Restate word for word the entries below, starting with the line with "Sweden, 1940s." and continuing through the line with "The ‘Surrea’ vase". Include both of those lines and no others.

### MATERIAL PROVIDED
◆ ◆ ◆

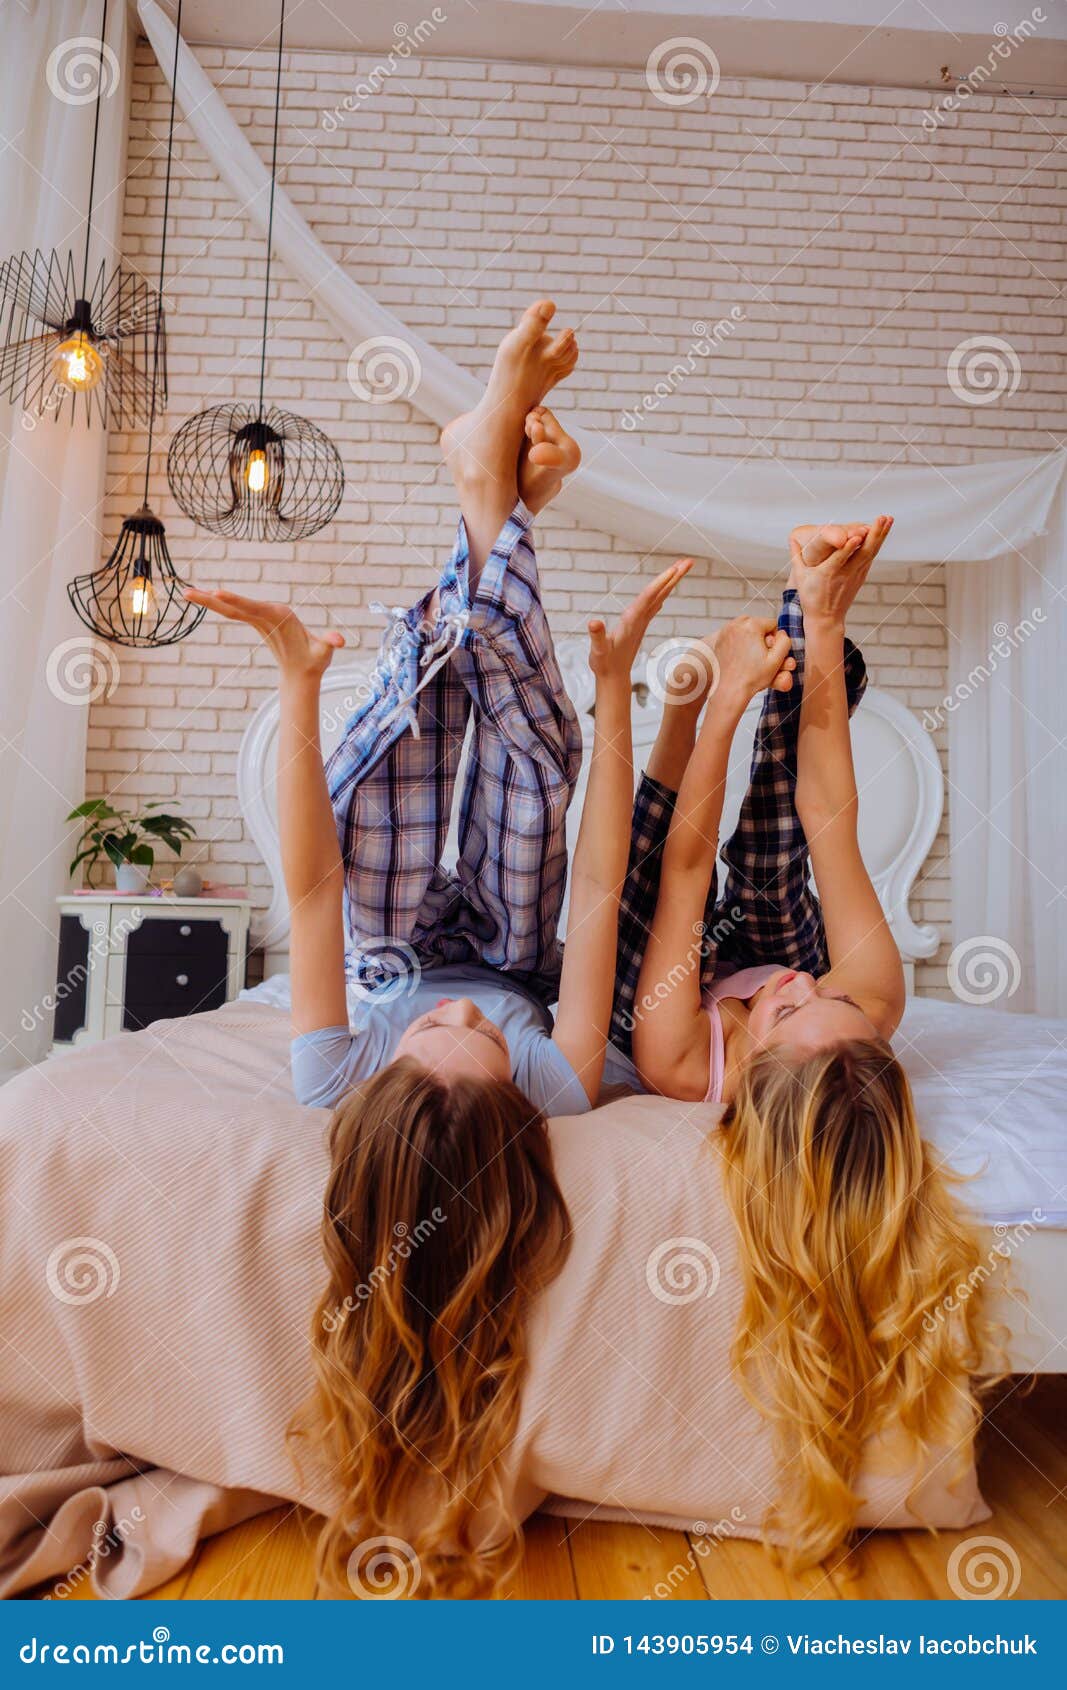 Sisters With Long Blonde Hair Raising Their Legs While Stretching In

◆ ◆ ◆

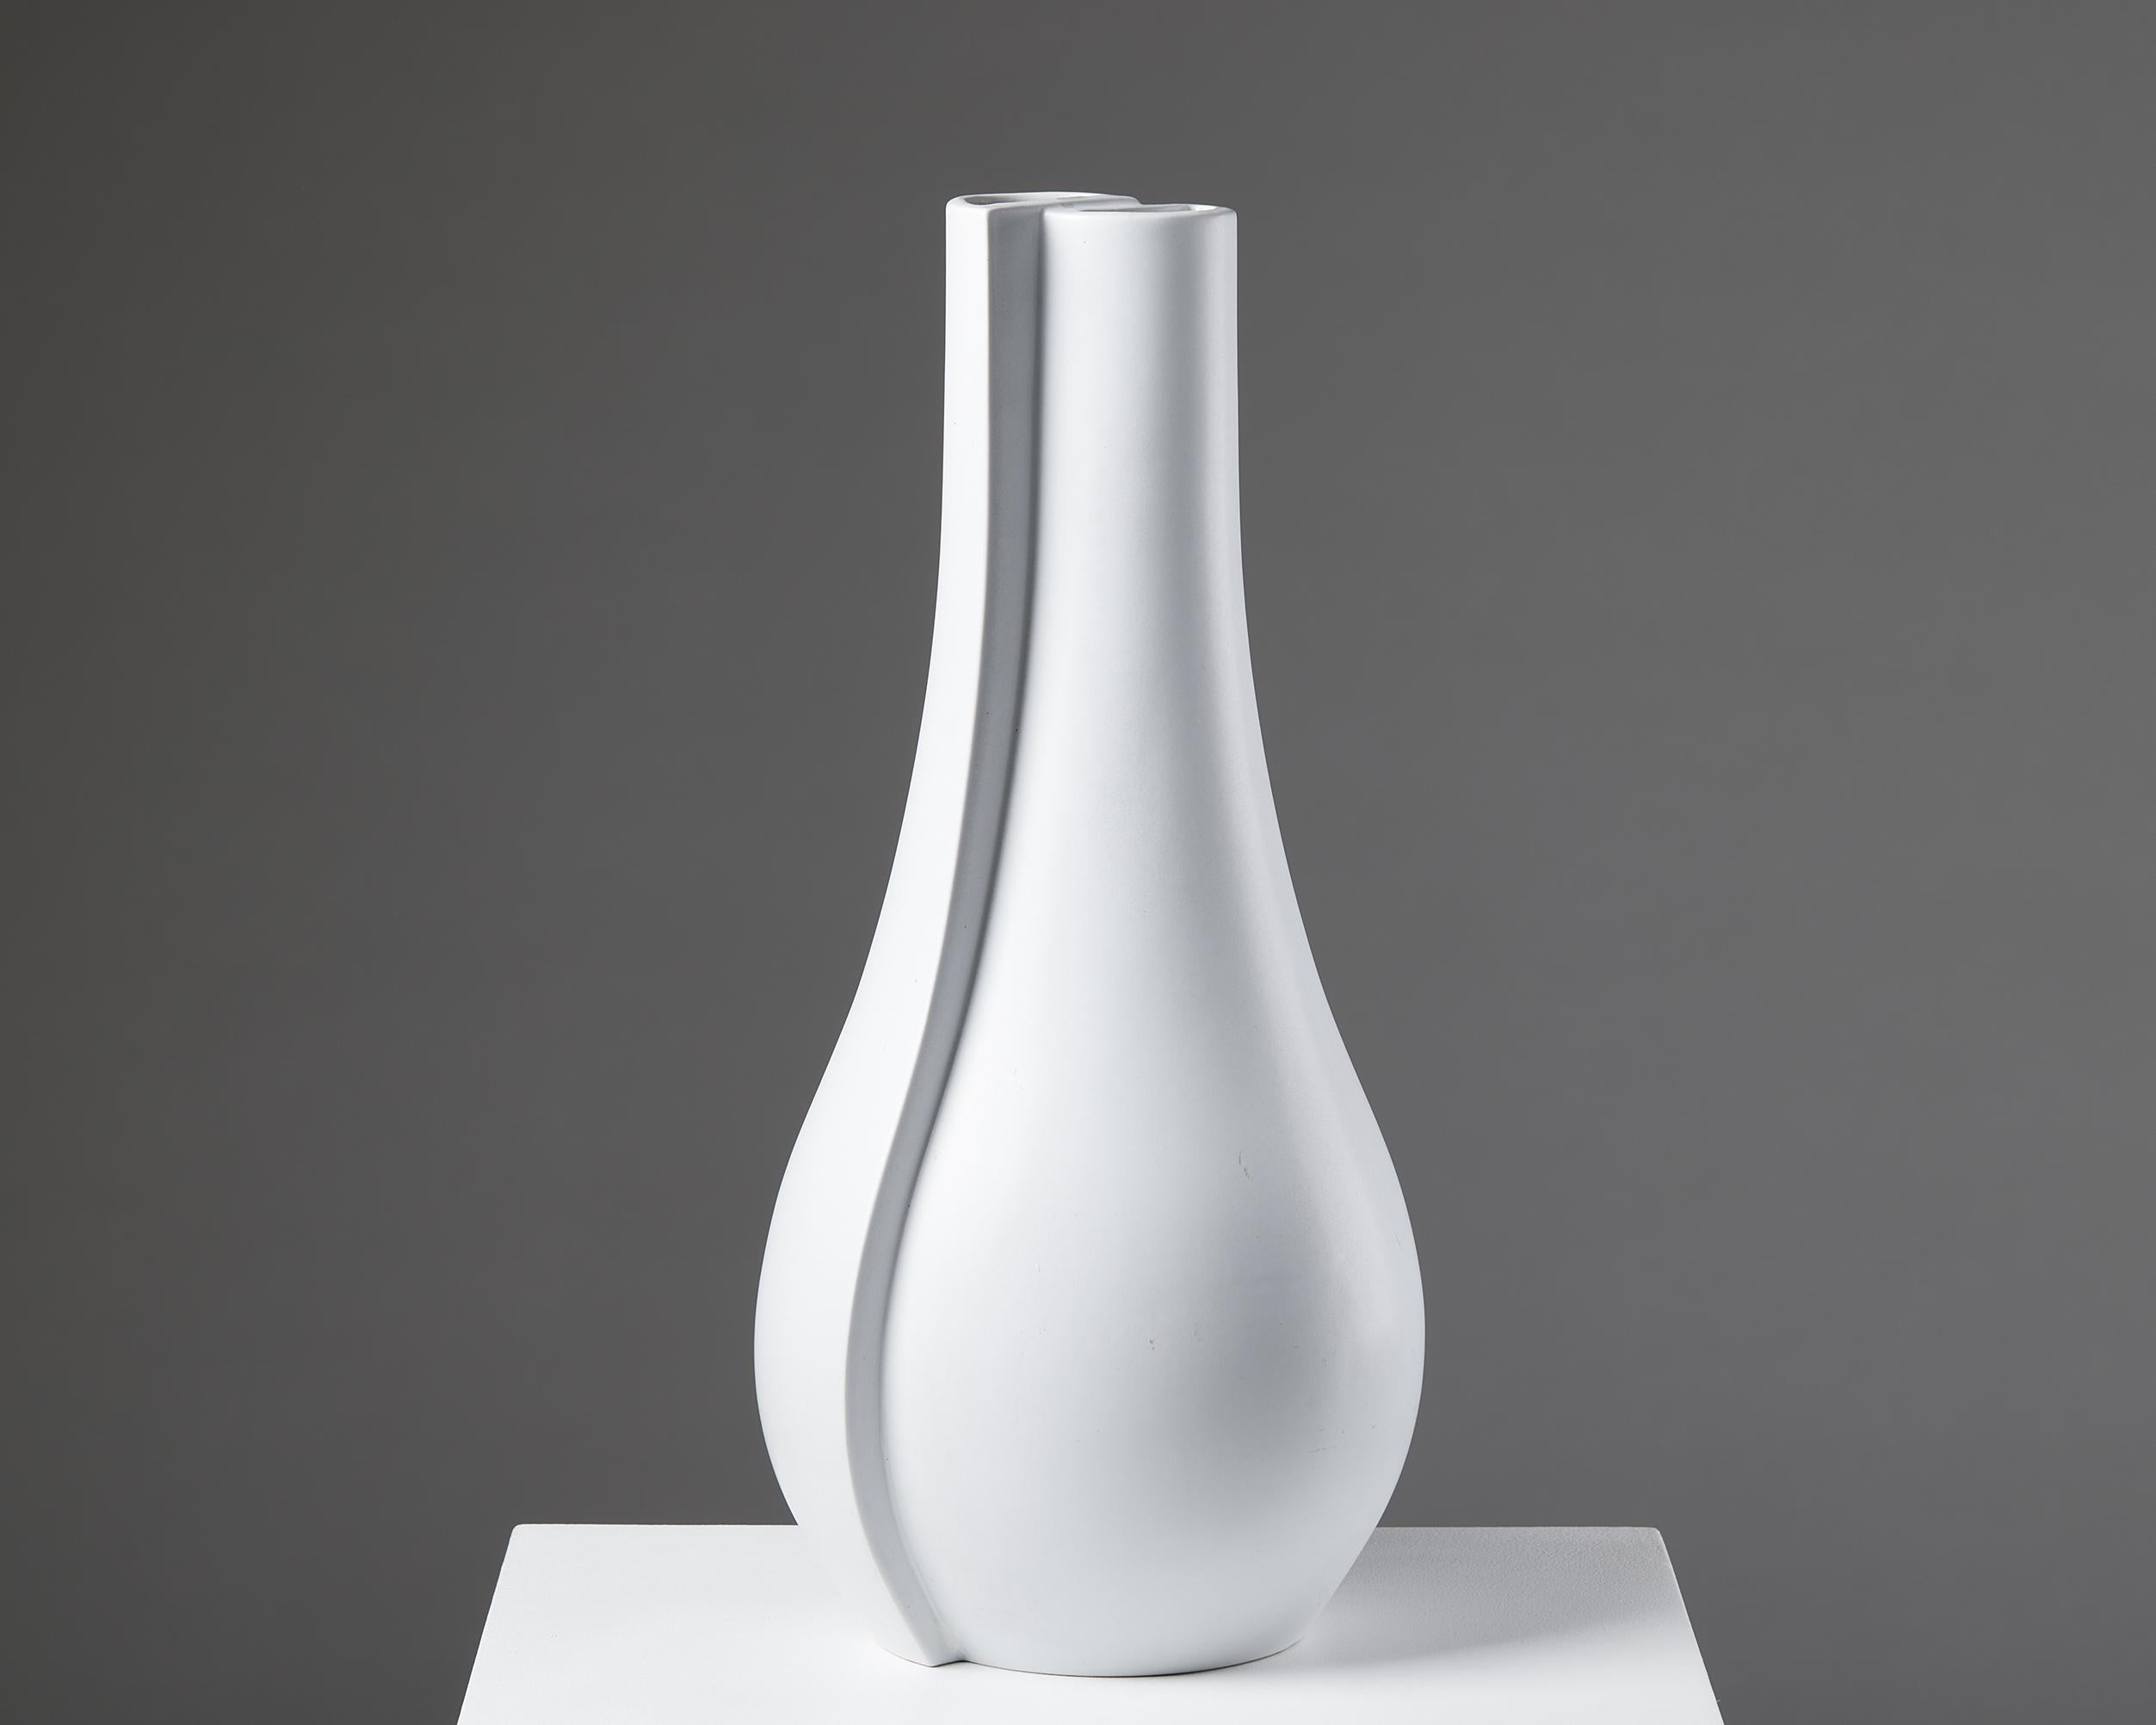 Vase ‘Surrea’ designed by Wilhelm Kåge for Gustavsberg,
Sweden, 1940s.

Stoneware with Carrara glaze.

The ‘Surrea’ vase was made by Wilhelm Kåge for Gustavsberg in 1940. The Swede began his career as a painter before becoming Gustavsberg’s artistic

◆ ◆ ◆

### ANSWER TO THIS EXERCISE
Sweden, 1940s.

Stoneware with Carrara glaze.

The ‘Surrea’ vase was made by Wilhelm Kåge for Gustavsberg in 1940. The Swede began his career as a painter before becoming Gustavsberg’s artistic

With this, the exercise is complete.